THE DATA Start Marker

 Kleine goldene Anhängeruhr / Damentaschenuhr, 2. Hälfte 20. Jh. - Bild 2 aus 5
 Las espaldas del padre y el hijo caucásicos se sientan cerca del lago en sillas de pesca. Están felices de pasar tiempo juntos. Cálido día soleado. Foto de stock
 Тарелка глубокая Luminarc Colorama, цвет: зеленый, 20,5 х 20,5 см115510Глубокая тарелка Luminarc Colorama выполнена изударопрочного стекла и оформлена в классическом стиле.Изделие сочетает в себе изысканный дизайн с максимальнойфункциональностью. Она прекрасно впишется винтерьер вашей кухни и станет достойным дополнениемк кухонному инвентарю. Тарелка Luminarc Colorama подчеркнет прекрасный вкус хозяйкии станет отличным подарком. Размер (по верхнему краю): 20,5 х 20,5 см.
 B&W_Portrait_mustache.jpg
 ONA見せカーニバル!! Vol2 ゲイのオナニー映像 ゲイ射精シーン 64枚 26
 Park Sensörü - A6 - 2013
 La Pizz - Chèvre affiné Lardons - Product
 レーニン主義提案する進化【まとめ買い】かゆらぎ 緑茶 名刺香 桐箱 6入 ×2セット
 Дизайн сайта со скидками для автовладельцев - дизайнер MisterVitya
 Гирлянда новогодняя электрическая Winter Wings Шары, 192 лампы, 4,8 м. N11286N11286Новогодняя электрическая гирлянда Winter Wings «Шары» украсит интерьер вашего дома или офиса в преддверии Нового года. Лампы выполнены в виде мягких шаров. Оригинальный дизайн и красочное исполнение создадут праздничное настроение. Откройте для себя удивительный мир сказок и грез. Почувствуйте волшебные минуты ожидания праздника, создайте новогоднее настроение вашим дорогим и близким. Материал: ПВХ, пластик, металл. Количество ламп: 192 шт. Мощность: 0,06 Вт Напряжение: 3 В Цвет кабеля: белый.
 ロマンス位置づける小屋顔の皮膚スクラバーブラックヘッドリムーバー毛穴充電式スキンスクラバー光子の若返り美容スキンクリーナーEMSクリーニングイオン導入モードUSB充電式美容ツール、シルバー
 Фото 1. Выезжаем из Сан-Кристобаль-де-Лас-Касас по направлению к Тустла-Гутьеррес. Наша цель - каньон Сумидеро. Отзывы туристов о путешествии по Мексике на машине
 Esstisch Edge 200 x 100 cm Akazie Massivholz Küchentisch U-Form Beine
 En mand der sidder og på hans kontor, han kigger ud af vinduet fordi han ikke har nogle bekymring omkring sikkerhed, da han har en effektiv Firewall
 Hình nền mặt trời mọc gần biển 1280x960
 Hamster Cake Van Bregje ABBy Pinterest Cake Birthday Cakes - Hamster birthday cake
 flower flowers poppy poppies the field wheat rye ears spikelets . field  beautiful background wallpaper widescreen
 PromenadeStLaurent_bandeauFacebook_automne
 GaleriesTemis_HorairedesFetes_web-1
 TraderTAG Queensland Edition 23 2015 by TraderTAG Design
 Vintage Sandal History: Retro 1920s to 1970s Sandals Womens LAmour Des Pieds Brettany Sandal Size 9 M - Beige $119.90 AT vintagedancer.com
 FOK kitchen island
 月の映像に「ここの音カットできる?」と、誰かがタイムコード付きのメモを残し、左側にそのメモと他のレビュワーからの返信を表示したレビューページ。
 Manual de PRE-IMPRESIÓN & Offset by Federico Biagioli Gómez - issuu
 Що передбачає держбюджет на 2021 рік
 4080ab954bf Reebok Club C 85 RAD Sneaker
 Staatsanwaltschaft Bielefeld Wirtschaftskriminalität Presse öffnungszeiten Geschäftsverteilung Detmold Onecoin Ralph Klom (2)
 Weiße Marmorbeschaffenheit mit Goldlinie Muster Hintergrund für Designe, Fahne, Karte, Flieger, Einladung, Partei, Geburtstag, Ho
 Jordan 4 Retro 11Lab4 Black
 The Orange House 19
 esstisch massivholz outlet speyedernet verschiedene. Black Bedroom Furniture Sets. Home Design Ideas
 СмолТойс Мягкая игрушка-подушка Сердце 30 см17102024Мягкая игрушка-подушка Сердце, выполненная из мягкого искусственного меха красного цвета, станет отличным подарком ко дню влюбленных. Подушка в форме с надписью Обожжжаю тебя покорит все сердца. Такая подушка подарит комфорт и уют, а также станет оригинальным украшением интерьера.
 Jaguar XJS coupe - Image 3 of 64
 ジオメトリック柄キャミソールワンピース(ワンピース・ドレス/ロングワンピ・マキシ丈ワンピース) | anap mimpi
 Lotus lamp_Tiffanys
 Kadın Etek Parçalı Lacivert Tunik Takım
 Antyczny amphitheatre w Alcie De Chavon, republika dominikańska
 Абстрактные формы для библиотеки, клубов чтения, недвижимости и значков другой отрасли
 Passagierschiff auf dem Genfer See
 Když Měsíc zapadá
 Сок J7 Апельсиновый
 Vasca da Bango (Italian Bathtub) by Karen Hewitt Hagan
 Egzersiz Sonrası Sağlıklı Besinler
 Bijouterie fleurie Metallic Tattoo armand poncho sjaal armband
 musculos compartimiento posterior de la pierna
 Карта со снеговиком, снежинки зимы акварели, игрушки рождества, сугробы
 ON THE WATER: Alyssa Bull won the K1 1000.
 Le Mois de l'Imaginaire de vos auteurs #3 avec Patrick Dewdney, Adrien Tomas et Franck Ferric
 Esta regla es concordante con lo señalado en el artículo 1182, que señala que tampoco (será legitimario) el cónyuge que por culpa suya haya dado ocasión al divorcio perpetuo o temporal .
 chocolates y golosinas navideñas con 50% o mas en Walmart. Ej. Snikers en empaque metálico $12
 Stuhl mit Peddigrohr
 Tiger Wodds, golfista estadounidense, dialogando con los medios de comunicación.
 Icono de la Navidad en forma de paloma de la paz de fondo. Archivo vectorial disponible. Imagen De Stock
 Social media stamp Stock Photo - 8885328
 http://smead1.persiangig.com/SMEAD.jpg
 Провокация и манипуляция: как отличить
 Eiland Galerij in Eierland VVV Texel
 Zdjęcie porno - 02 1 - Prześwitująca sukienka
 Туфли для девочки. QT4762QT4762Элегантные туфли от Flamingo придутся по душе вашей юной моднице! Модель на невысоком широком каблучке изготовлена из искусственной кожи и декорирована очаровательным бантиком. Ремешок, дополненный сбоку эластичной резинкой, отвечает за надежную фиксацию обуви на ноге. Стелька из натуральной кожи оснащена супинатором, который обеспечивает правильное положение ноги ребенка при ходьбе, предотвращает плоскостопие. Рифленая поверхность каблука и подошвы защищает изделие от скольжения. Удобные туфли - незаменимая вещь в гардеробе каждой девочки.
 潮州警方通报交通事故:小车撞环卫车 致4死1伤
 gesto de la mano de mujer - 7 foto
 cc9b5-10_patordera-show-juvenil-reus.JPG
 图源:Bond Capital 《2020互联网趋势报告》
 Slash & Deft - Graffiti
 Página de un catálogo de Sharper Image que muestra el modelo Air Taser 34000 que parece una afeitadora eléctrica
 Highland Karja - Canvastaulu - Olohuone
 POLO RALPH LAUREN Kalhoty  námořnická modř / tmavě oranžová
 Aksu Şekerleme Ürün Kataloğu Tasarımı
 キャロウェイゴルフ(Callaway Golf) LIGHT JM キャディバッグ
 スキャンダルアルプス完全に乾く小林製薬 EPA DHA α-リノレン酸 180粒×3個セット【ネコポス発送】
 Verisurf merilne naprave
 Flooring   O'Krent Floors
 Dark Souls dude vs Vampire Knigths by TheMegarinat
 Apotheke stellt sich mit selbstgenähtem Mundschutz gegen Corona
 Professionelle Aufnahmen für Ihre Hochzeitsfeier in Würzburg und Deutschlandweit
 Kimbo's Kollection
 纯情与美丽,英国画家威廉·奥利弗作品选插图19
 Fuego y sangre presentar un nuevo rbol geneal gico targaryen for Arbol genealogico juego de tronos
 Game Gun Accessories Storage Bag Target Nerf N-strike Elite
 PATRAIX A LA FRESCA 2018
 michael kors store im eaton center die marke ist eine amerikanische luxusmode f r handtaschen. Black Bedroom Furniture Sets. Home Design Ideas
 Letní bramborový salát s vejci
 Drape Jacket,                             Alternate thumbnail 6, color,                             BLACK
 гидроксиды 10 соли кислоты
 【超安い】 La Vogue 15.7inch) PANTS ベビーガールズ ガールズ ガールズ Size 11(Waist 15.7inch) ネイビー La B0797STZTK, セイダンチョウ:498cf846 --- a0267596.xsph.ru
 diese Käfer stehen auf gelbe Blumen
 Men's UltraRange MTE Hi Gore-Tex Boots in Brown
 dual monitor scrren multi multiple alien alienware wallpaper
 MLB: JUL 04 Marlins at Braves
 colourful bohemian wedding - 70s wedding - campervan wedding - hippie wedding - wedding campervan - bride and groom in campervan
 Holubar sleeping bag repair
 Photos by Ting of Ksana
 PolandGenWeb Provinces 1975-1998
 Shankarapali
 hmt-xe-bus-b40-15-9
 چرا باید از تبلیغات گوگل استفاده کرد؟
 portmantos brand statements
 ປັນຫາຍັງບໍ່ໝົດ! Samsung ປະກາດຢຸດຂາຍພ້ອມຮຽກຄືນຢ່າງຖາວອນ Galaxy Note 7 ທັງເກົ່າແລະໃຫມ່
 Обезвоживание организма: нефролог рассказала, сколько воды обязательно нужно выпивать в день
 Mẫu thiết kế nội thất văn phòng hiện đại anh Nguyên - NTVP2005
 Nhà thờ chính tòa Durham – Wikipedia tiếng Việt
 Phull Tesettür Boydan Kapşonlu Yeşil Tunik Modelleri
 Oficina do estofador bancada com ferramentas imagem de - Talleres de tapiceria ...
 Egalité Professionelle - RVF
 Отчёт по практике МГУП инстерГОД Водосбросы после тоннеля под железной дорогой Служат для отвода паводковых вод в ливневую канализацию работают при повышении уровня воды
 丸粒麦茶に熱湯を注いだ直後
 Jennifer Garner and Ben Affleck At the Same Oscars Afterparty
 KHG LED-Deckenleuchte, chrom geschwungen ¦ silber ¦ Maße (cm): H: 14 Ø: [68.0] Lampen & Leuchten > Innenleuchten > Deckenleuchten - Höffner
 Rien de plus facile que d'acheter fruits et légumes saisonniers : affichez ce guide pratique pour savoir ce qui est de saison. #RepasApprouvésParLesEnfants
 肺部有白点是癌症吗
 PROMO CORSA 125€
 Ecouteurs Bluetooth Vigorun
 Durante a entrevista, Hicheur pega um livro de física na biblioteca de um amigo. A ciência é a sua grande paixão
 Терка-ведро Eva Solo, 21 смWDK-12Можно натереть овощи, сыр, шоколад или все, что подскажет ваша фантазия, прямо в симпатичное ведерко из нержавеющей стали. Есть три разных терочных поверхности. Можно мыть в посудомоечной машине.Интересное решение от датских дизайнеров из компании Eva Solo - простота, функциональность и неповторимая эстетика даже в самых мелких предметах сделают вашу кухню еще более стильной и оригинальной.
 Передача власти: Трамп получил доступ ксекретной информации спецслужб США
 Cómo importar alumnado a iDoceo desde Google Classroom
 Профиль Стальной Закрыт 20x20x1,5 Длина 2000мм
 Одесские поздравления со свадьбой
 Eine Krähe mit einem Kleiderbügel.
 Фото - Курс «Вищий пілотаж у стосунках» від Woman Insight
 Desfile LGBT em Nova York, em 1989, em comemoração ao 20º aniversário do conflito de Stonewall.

THE DATA End Marker

### WORK TO BE COMPLETED
Copy every line of the data above, beginning with the first and ending with the line that contains "Las espaldas del", and give nothing more.

### RESULT OF THE TASK
 Kleine goldene Anhängeruhr / Damentaschenuhr, 2. Hälfte 20. Jh. - Bild 2 aus 5
 Las espaldas del padre y el hijo caucásicos se sientan cerca del lago en sillas de pesca. Están felices de pasar tiempo juntos. Cálido día soleado. Foto de stock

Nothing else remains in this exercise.